Mixed Reality (MR) increasingly explores how virtual elements can shape physical behavior, yet how MR objects guide group movement remains underexplored. We address this gap by examining how virtual objects can nudge collective, co-located movement without relying on explicit instructions or choreography. We developed GravField, a research-through-design, co-located MR performance system where an "object jockey" live-configures virtual objects (e.g., ropes, springs, magnetic fields) with real-time, parameterized "digital physics" (e.g., weight, elasticity, force) to influence headset-wearing participants' movement, made perceptible through augmented visual and audio feedback serving as cognitive-somatic cues. Our bricolage analysis of the performances, based on video, interviews, soma trajectories, and field notes, indicates that these live nudges support emergent intercorporeal coordination and that ambiguity and real-time configuration sustain open-ended, exploratory engagement. Ultimately, our work offers empirical insights and design principles for MR systems that can guide group movement through embodied, felt dynamics while preserving participants' sense of agency.

Figures (14)

• Figure 1: System architecture of GravField. HoloKit X headsets stream six-degrees-of-freedom pose data to a Unity server, which computes Mixed Reality Object physics, renders visual effects back to headsets, and sends Open Sound Control messages to Ableton Live for real-time audio synthesis. A spectator iPad and TV display the mixed reality overlay for audience viewing.

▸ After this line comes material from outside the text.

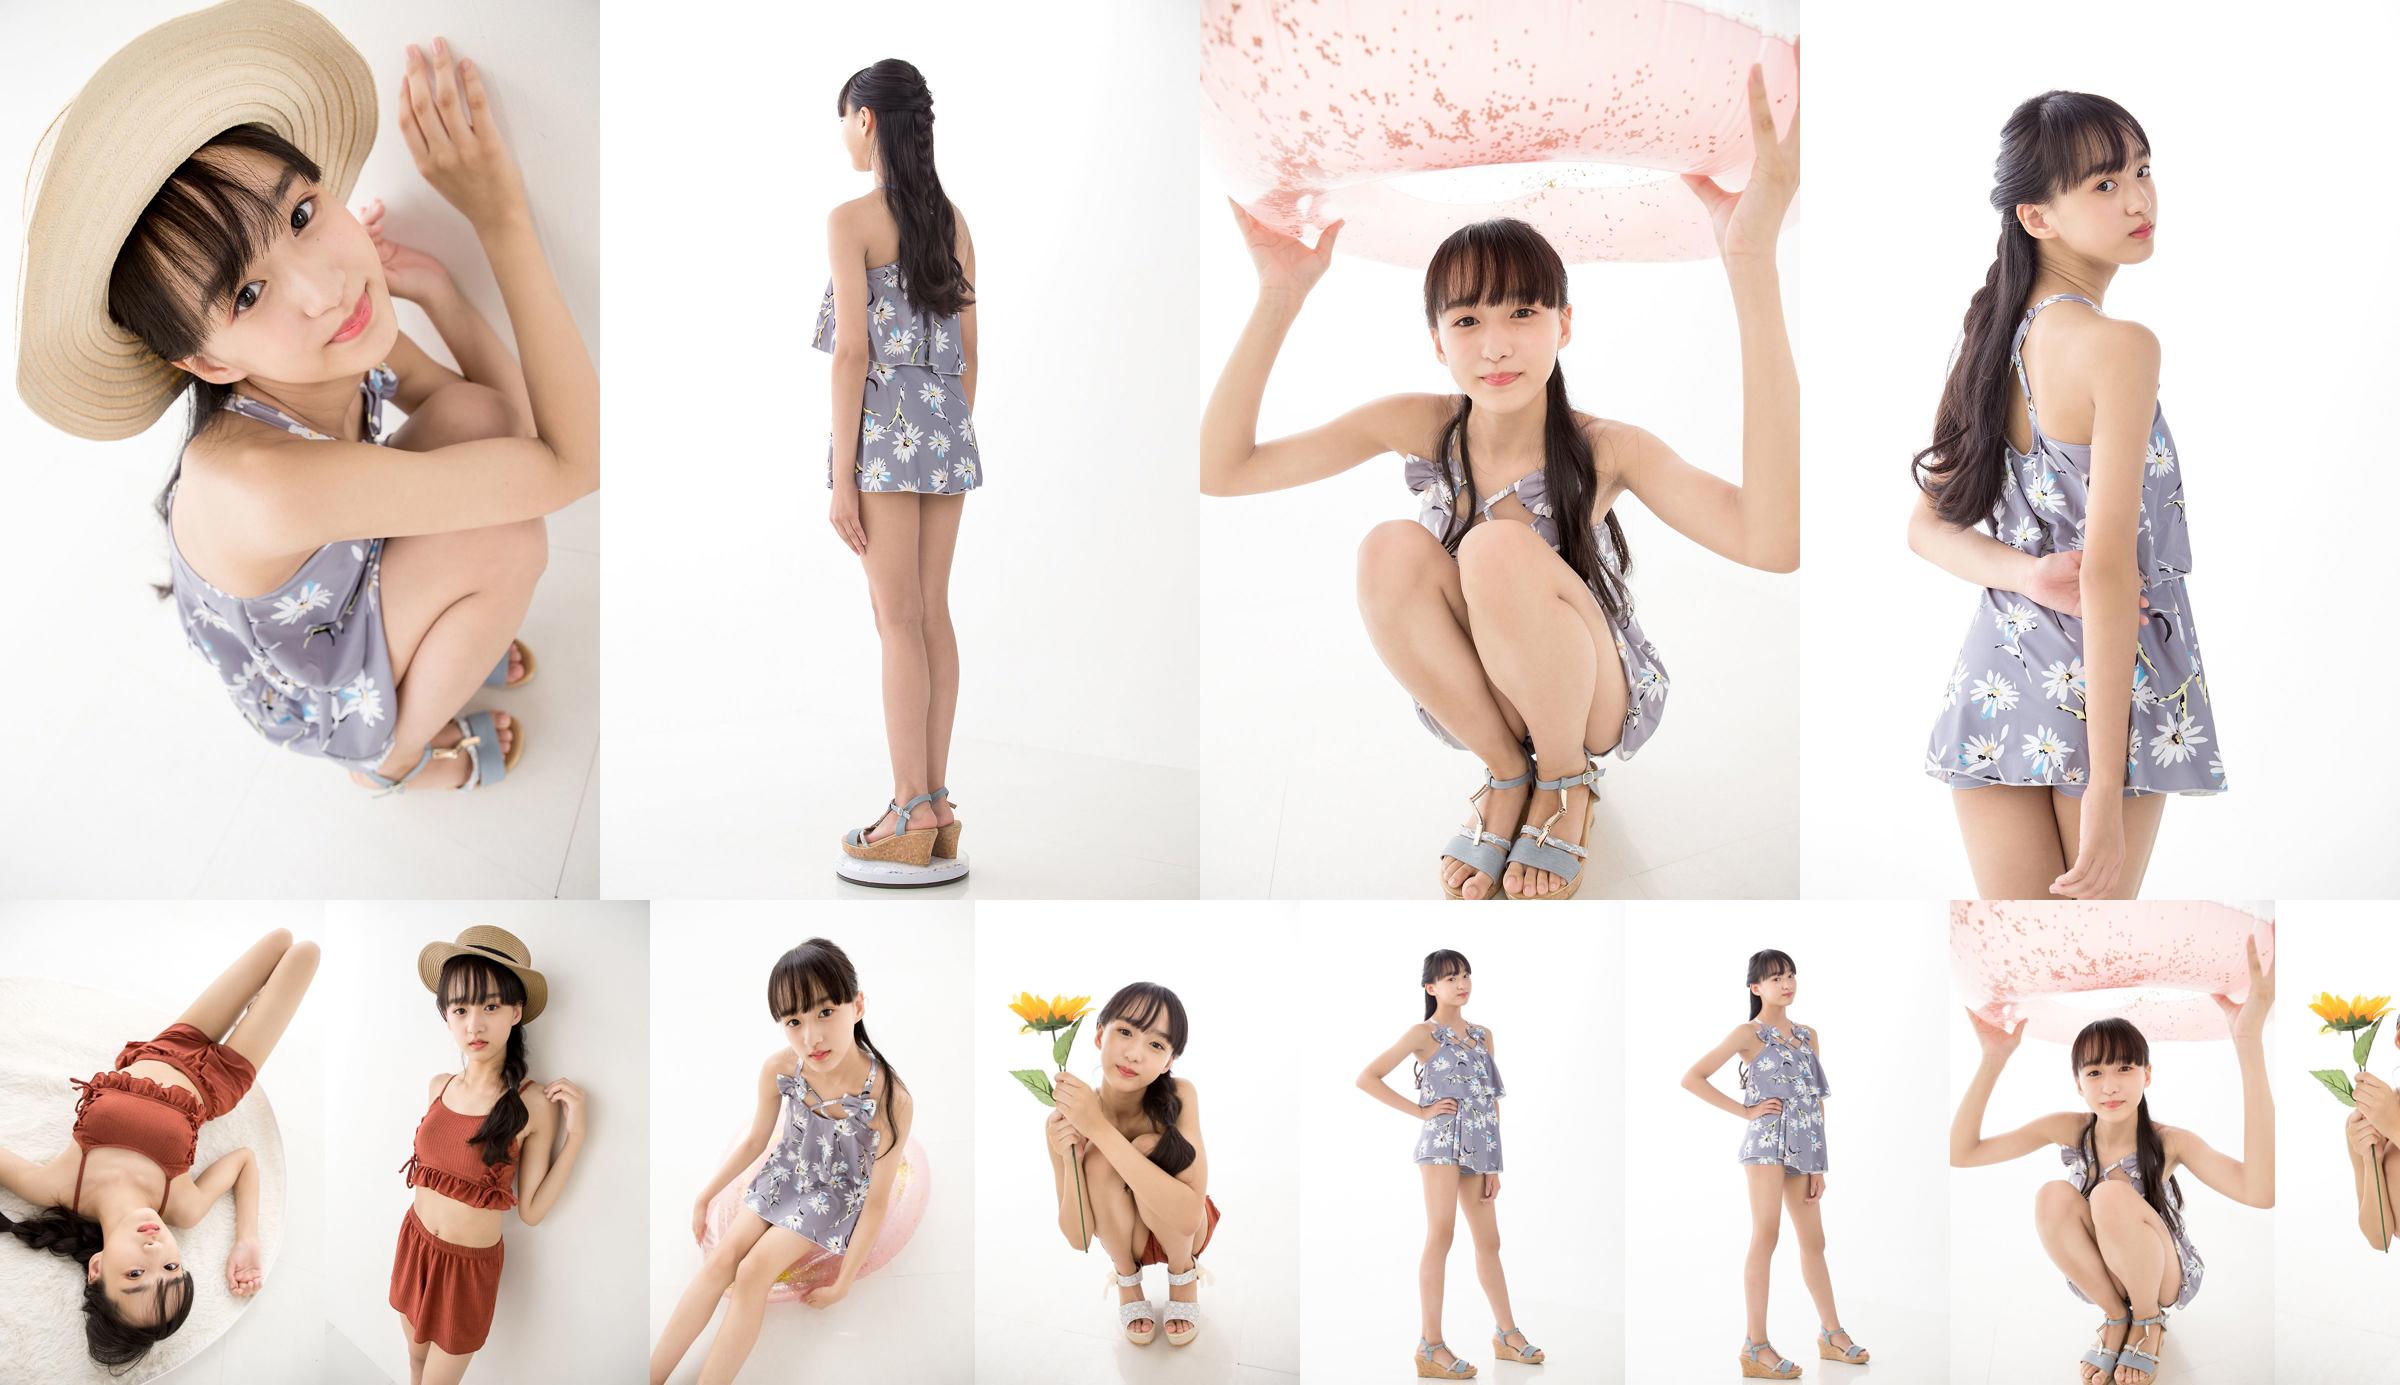 [Minisuka.tv] Yuna Sakiyama 咲山ゆな - Fresh-idol Gallery 05 No.720cb4 หน้า 1

• Figure 2: OJ1's TouchOSC control panel for real-time configuration of "digital physics." Three mode buttons (top) switch between the Rope, Spring, and Magnetic MROs, each exposing mode-specific parameter sliders. The OJ adjusts these on-the-fly during a performance to nudge collective movement.
• Figure 3: OJ2's Unity control interface for monitoring participants' real-time state. Left panel: incoming OSC parameters including interpersonal distances, heights, rope velocity and acceleration, and magnetic field values. Background: the simulated scene rendering three participants connected by Rope MROs with real-time data streaming.
• Figure 4: The "Rope" Mixed Reality Object. Left: rope velocity ($v$) maps to audio volume and centripetal acceleration ($a$) to pitch, rewarding faster continuous motion. Right: participants swinging the virtual rope during a performance.
• Figure 5: The "Spring" Mixed Reality Object. Left: horizontal distance ($d$) controls pitch and relative height ($h$) controls a low-pass filter, encouraging push--pull and see-saw dynamics. Right: participants exploring vertical and lateral movements during a performance.